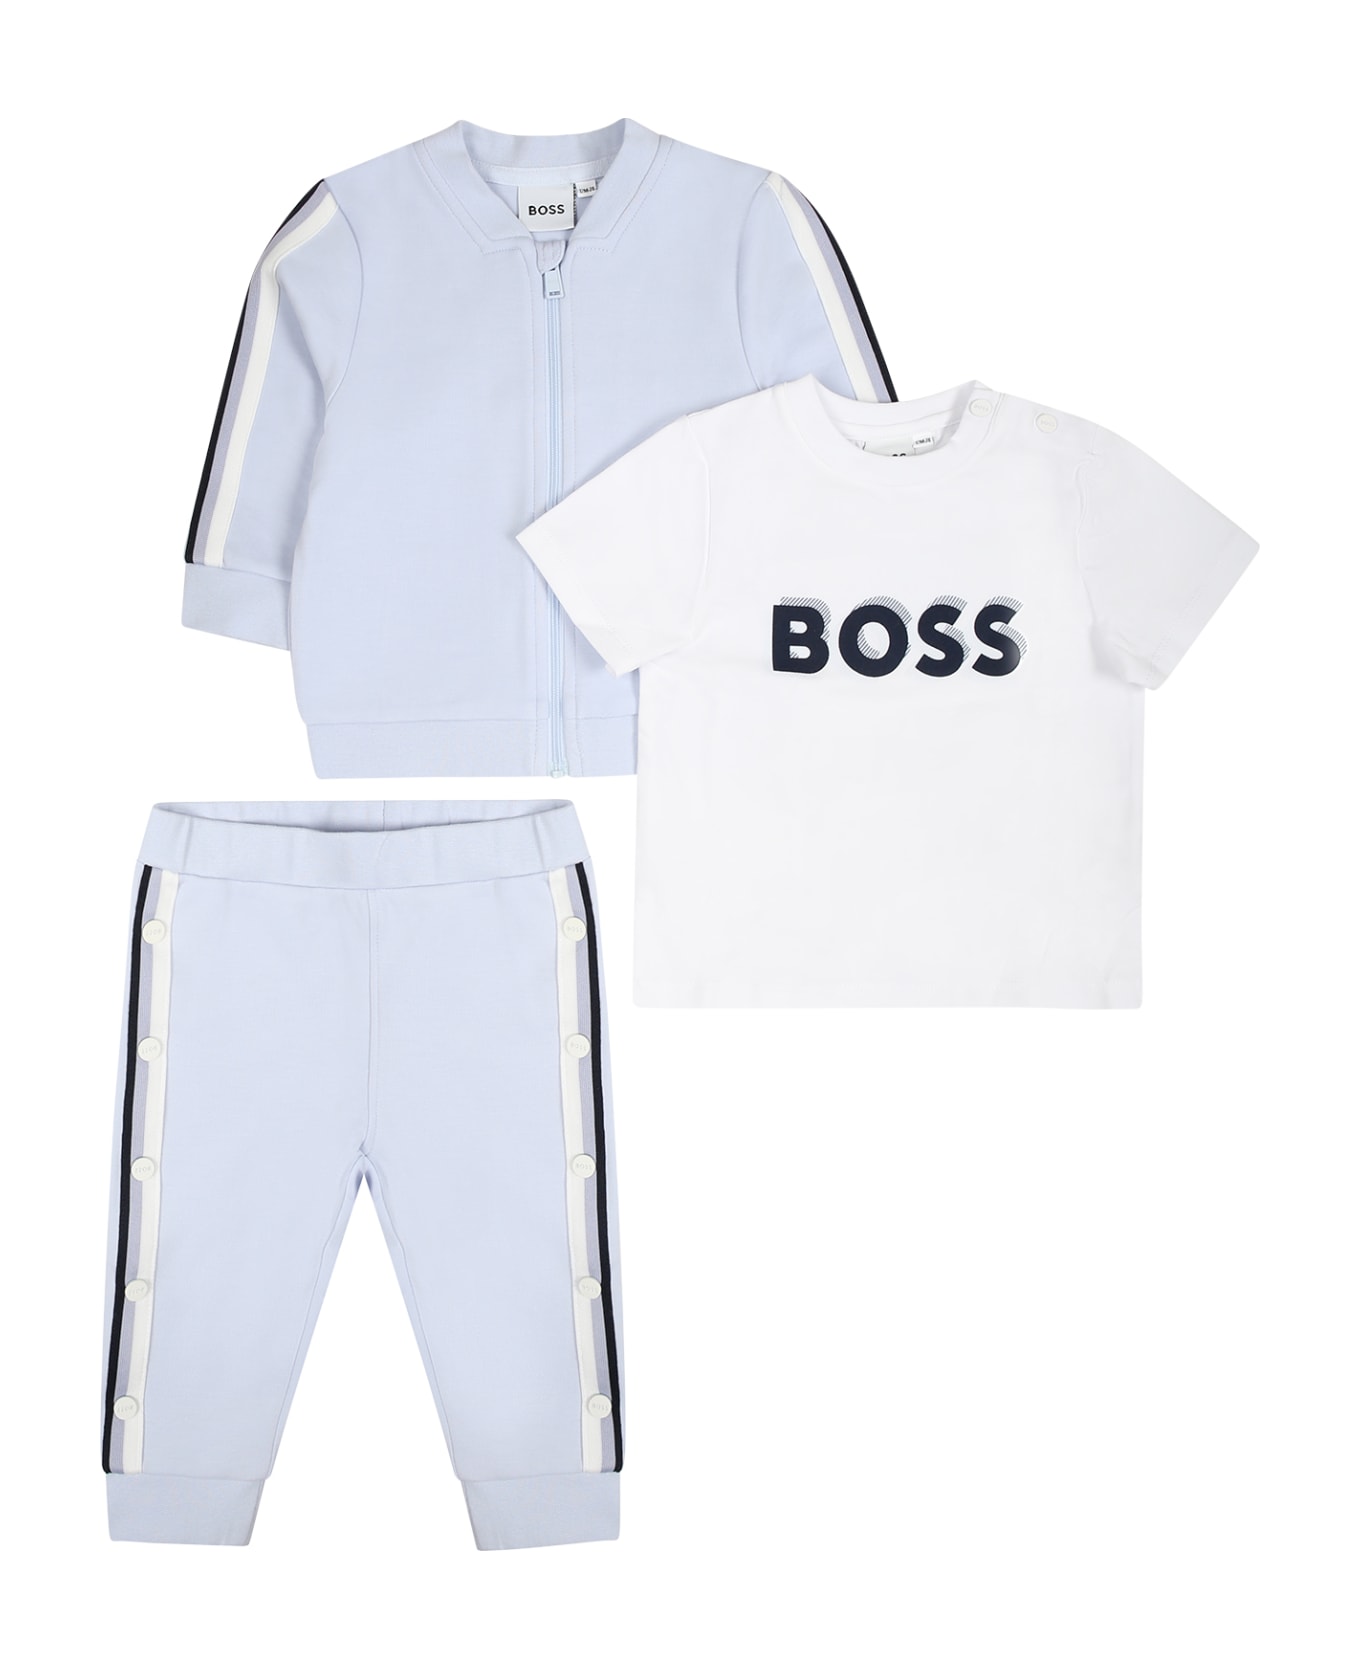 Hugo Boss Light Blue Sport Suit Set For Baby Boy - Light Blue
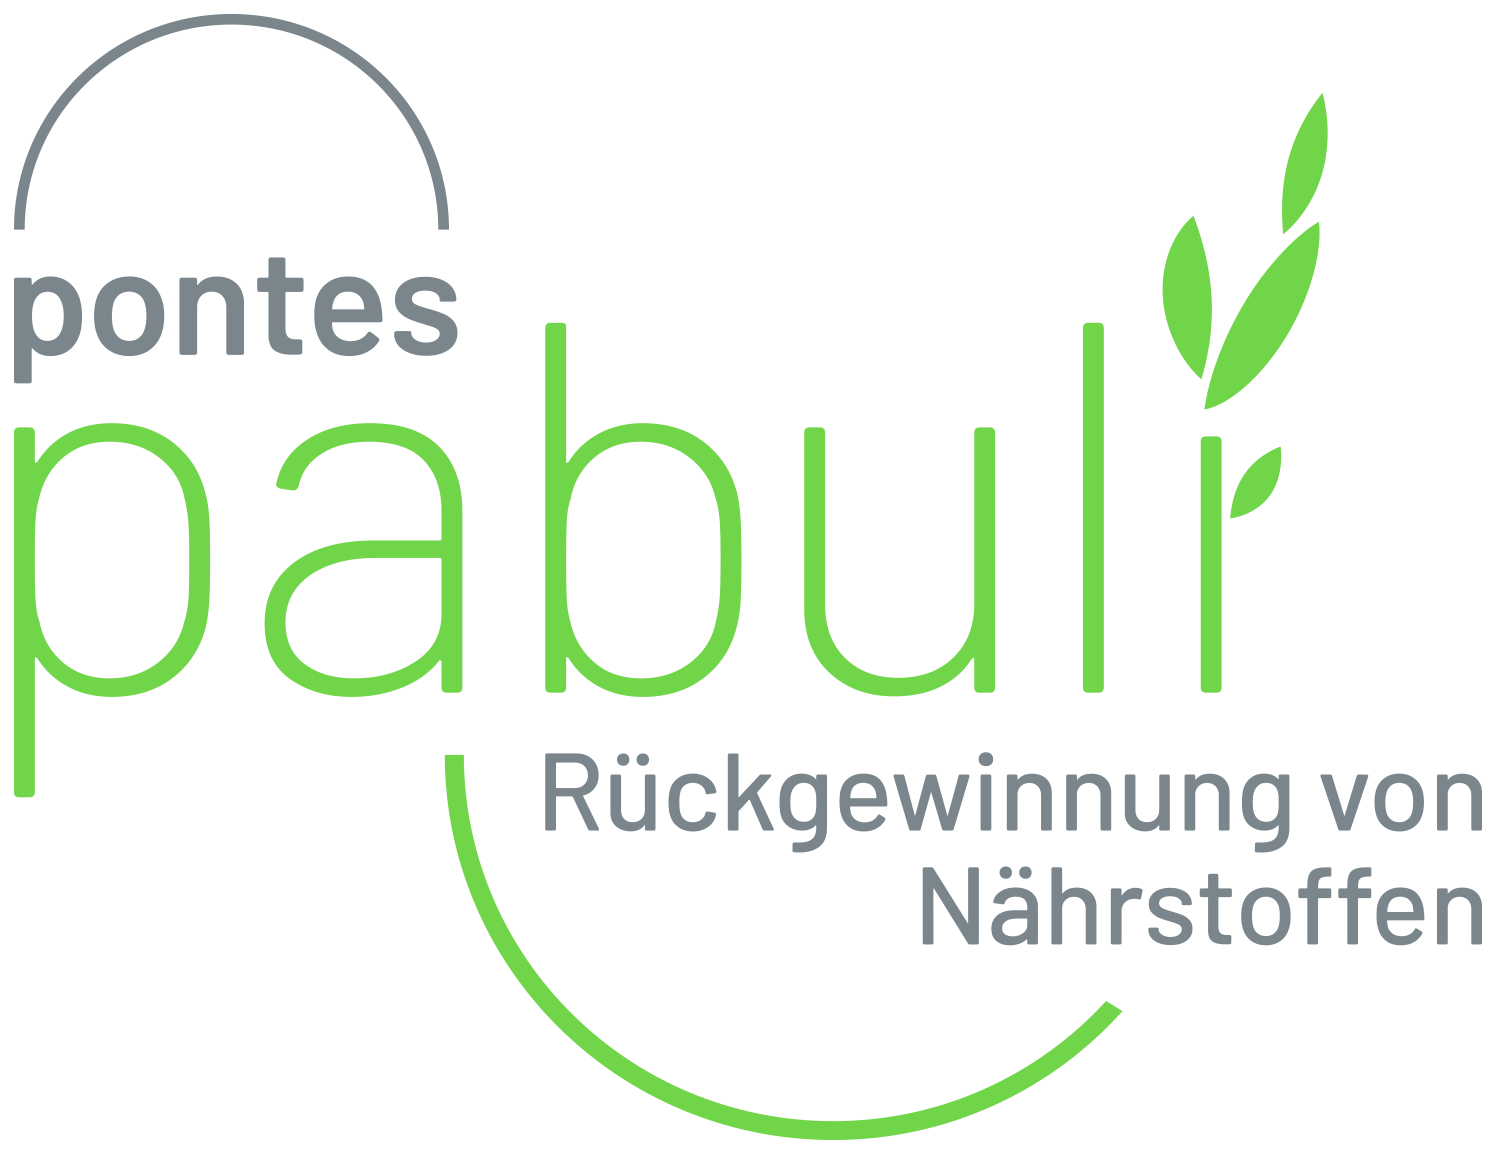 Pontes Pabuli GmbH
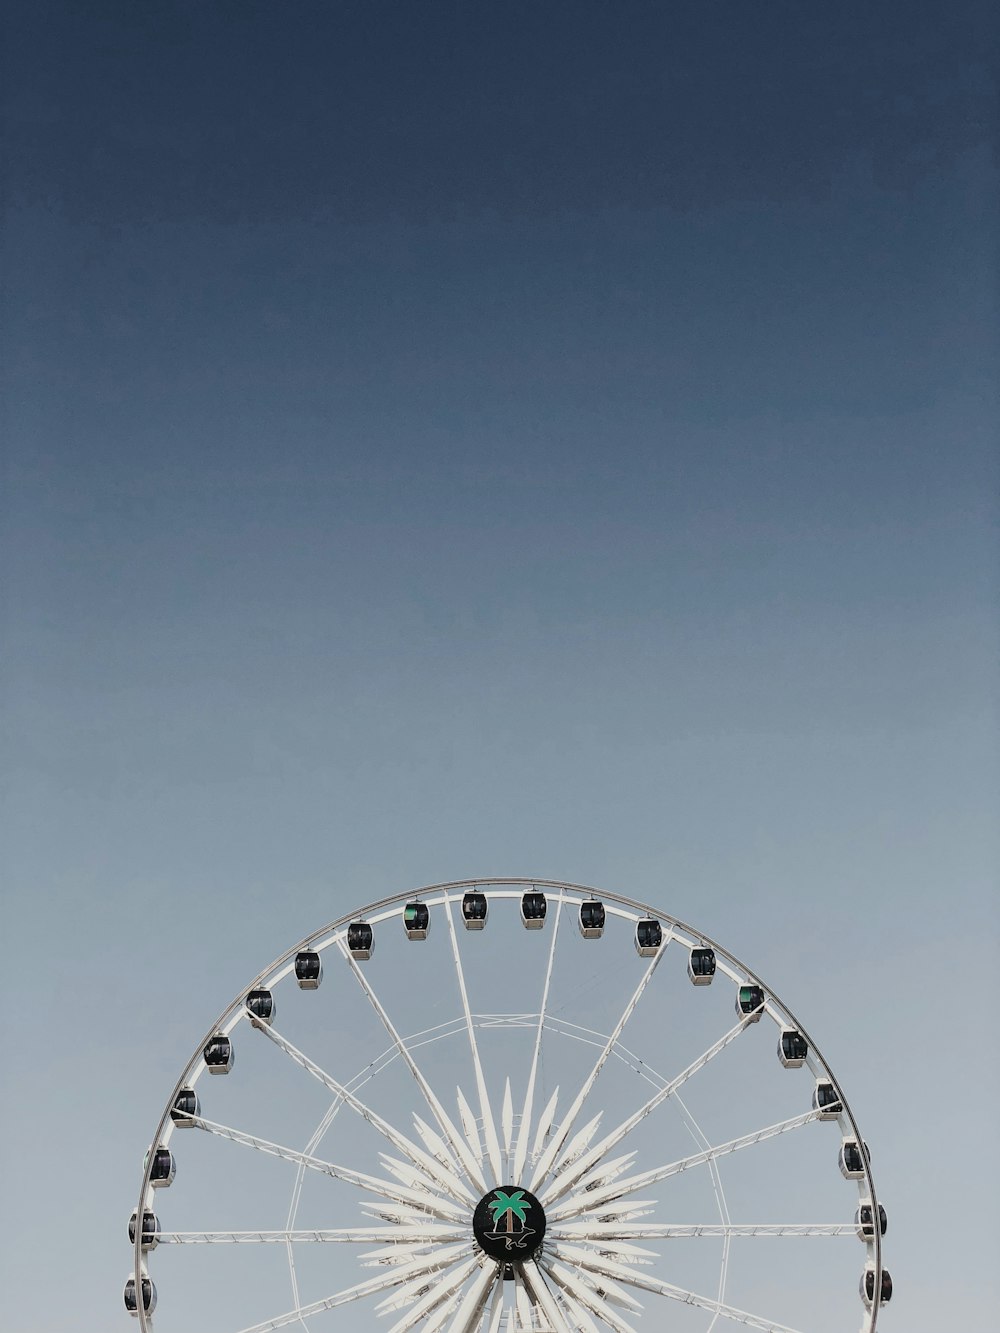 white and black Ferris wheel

☆ ☆ ☆ ☆ ☆ ☆ ☆

Work instruction -
The listing should be transcribed in full, exactly, and without its pictures.

Response for this exercise -
 Hugo Boss Light Blue Sport Suit Set For Baby Boy - Light Blue
 Pontes Pabuli GmbH
 white and black Ferris wheel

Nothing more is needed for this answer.